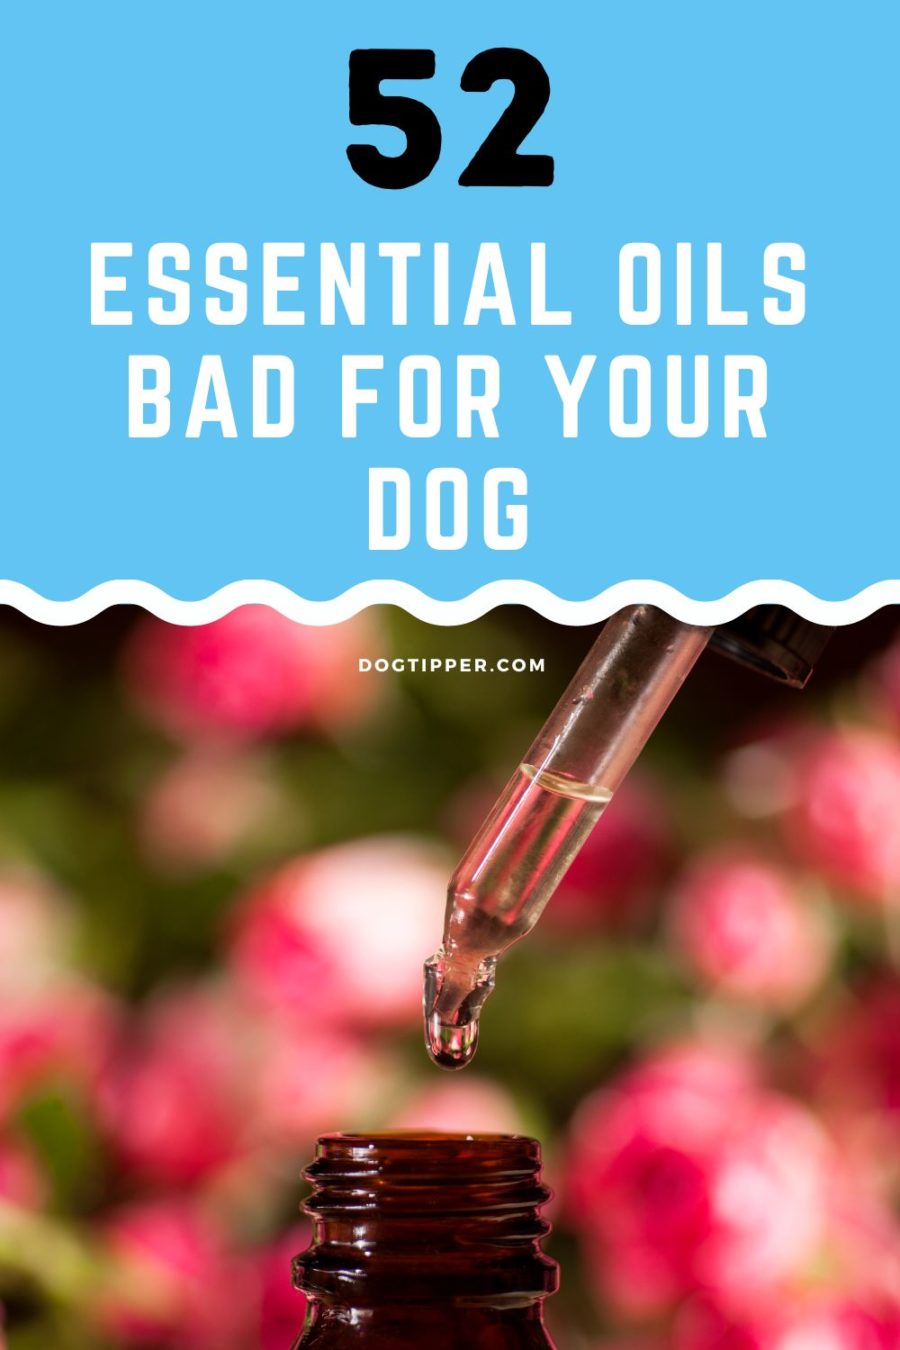 Essential oils not safe for pets
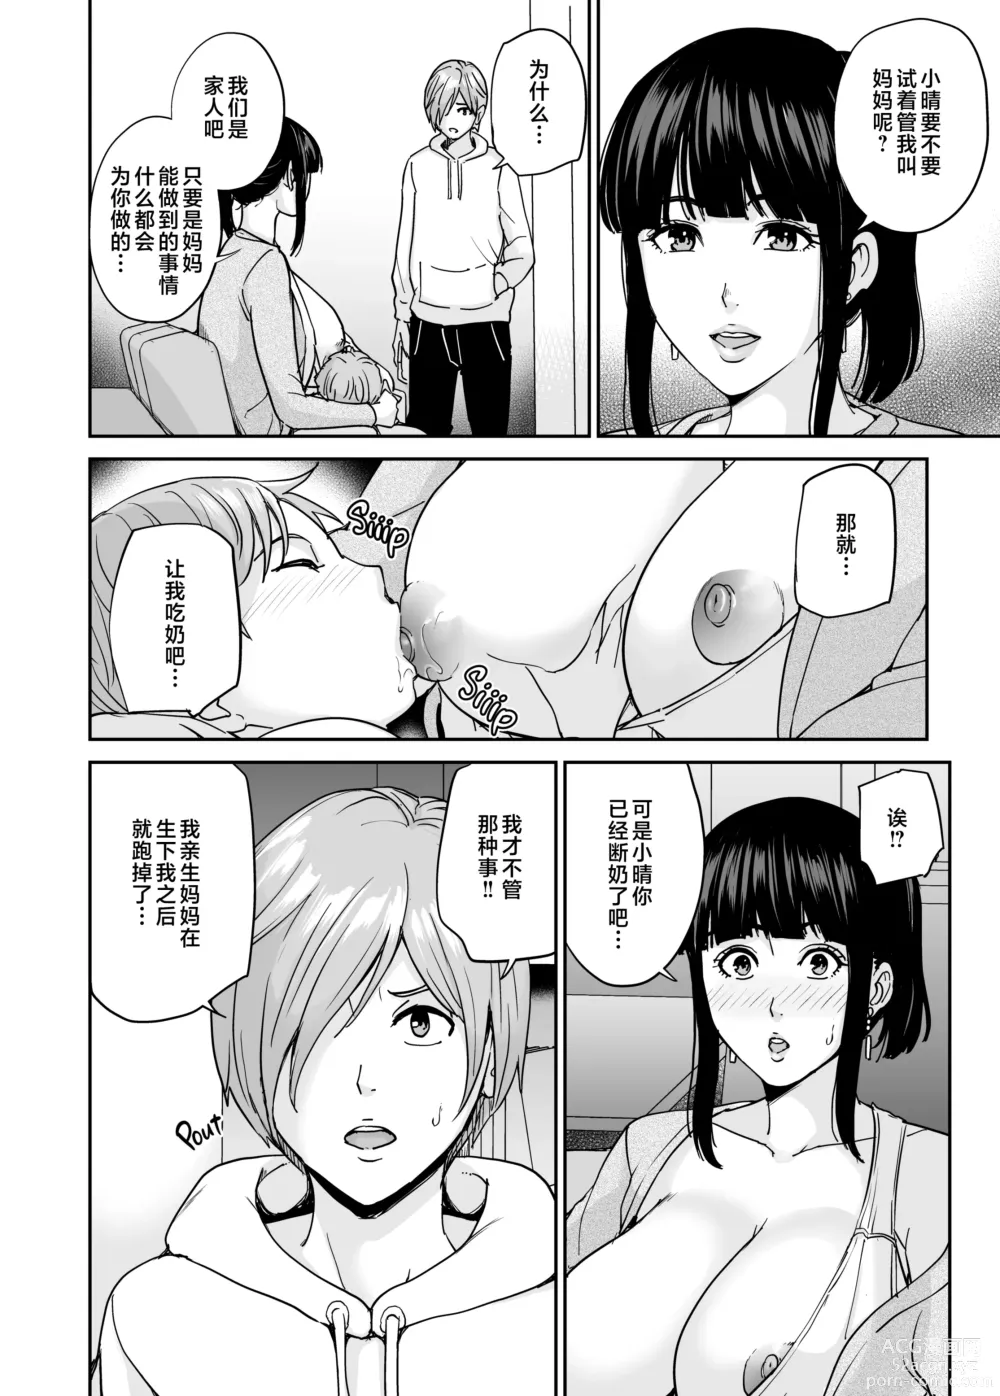 Page 9 of manga いいなりママ
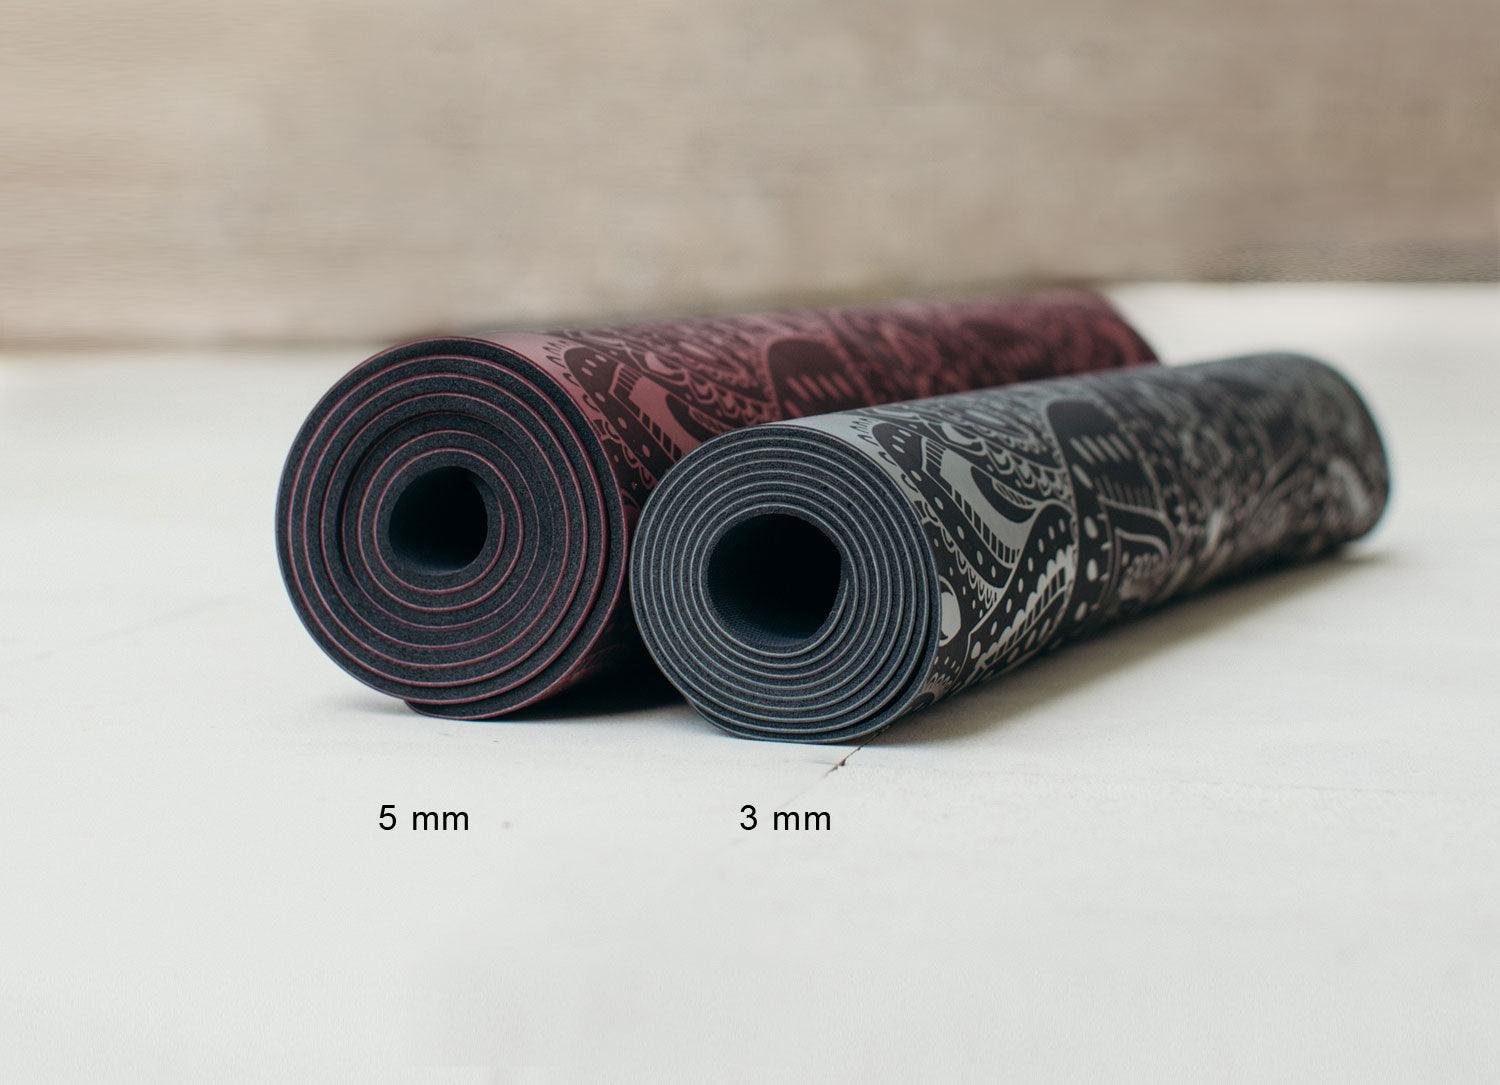 Infinity Yoga Mat - 5mm - Mandala Rose - The Best Yoga Mat provides great  support

» WHAT IS BEING ASKED
Only the text of the listing above is wanted, transcribed exactly, without its images.

» EXERCISE ANSWER
 Essential oils not safe for pets
 Page 9 of manga いいなりママ
 Infinity Yoga Mat - 5mm - Mandala Rose - The Best Yoga Mat provides great  support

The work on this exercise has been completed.